After getting an undergraduate degree in international relations in his 20s, Boelter went back to school and earned a master’s degree and then a doctorate in leadership studies in 2016 from Cardinal Stritch University, a private Catholic college in Wisconsin that has since shut down. While living in Wisconsin, records show Boelter and his wife Jenny founded a nonprofit corporation called Revoformation Ministries, listing themselves as the president and secretary.

After moving to Minnesota about a decade ago, Boelter volunteered for a position on a state workforce development board, first appointed by then-Gov. Mark Dayton, a Democrat, in 2016, and later by Democratic Gov. Tim Walz. He served through 2023.

In that position, he may have crossed paths with one of his alleged victims. Hoffman served on the same board, though authorities said it was not immediately clear how much the two men may have interacted.

Launching a security firm

Records show Boelter and his wife started a security firm in 2018. A website for Praetorian Guard Security Services lists Boelter’s wife as the president and CEO while he is listed as the director of security patrols. The company’s homepage says it provides armed security for property and events and features a photo of an SUV painted in a two-tone black and silver pattern similar to a police vehicle, with a light bar across the roof and “Praetorian” painted across the doors. Another photo shows a man in black tactical gear with a military-style helmet and a ballistic vest with the company’s name across the front.

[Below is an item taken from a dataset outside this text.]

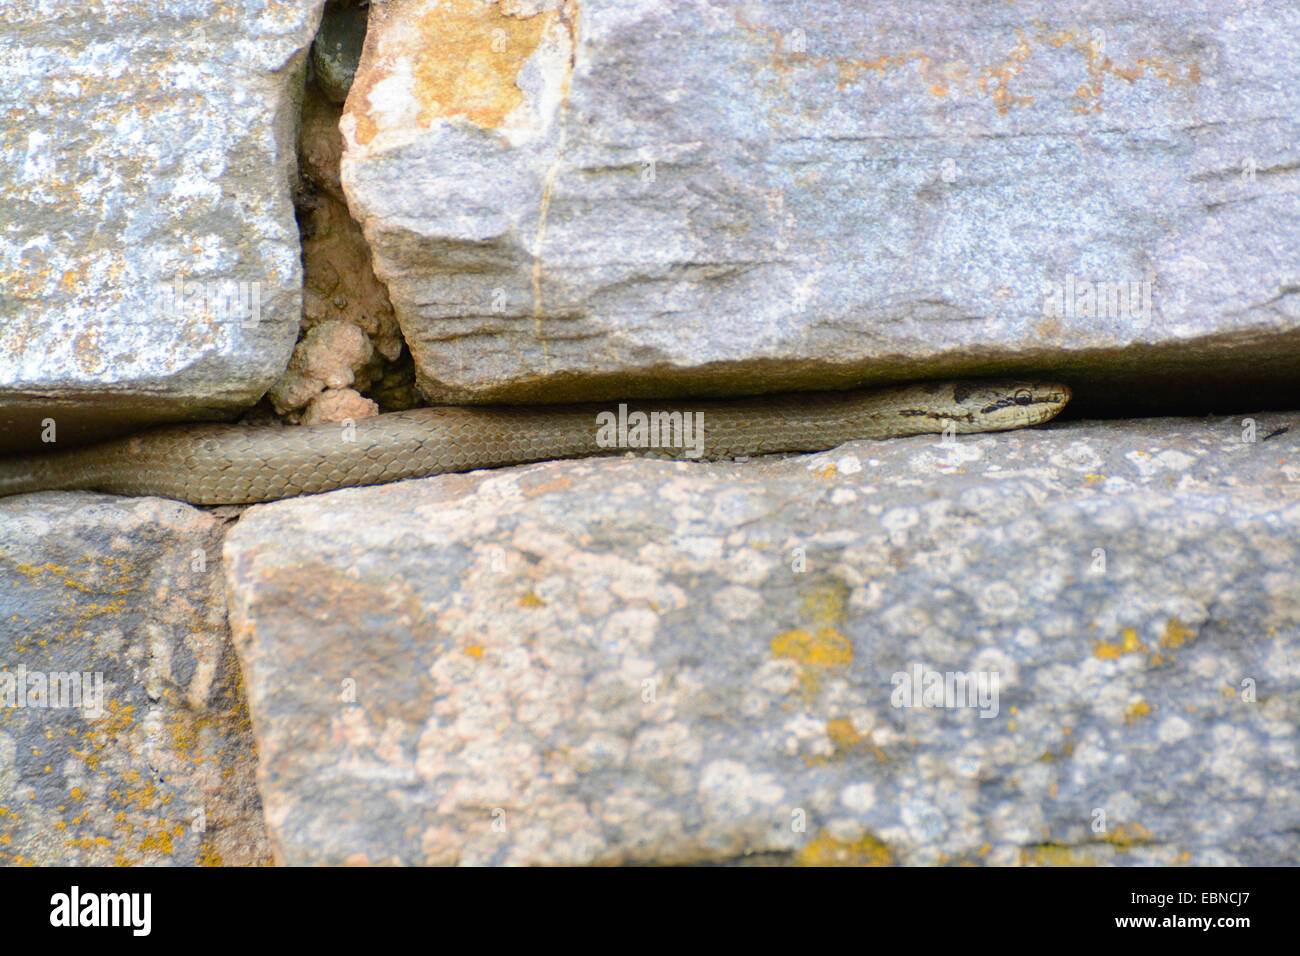 Schlingnatter (Coronella Austriaca), zwischen den Steinen eine Trockenmauer, Deutschland, Nordrhein-Westfalen Stockfoto

In an online resume, Boelter also billed himself as a security contractor who worked oversees in the Middle East and Africa. On his trip to the Democratic Republic of Congo, he told Chris Fuller, a friend, that he had founded several companies focused on farming and fishing on the Congo River, as well as in transportation and tractor sales.

“It has been a very fun and rewarding experience and I only wished I had done something like this 10 years ago,” he wrote in a message shared with the AP.

But once he returned home in 2023, there were signs that Boelter was struggling financially. That August, he began working for a transport service for a funeral home, mostly picking up bodies of those who had died in assisted living facilities — a job he described as he needed to do to pay bills. Tim Koch, the owner of Metro First Call, said Boelter “voluntarily left” that position about four months ago.

“This is devastating news for all involved,” Koch said, declining to elaborate on the reasons for Boelter’s departure, citing the ongoing law enforcement investigation.

Boelter had also started spending some nights away from his family, renting a room in a modest house in northern Minneapolis shared by friends. Heavily armed police executed a search warrant on the home Saturday.

‘I’m going to be gone for awhile’

In the hours before Saturday’s shootings, Boelter texted two roommates to tell them he loved them and that “I’m going to be gone for a while,” according to Schroeder, who was forwarded the text and read it to the AP.

“May be dead shortly, so I just want to let you know I love you guys both and I wish it hadn’t gone this way,” Boelter wrote. “I don’t want to say anything more and implicate you in any way because you guys don’t know anything about this. But I love you guys and I’m sorry for the trouble this has caused.”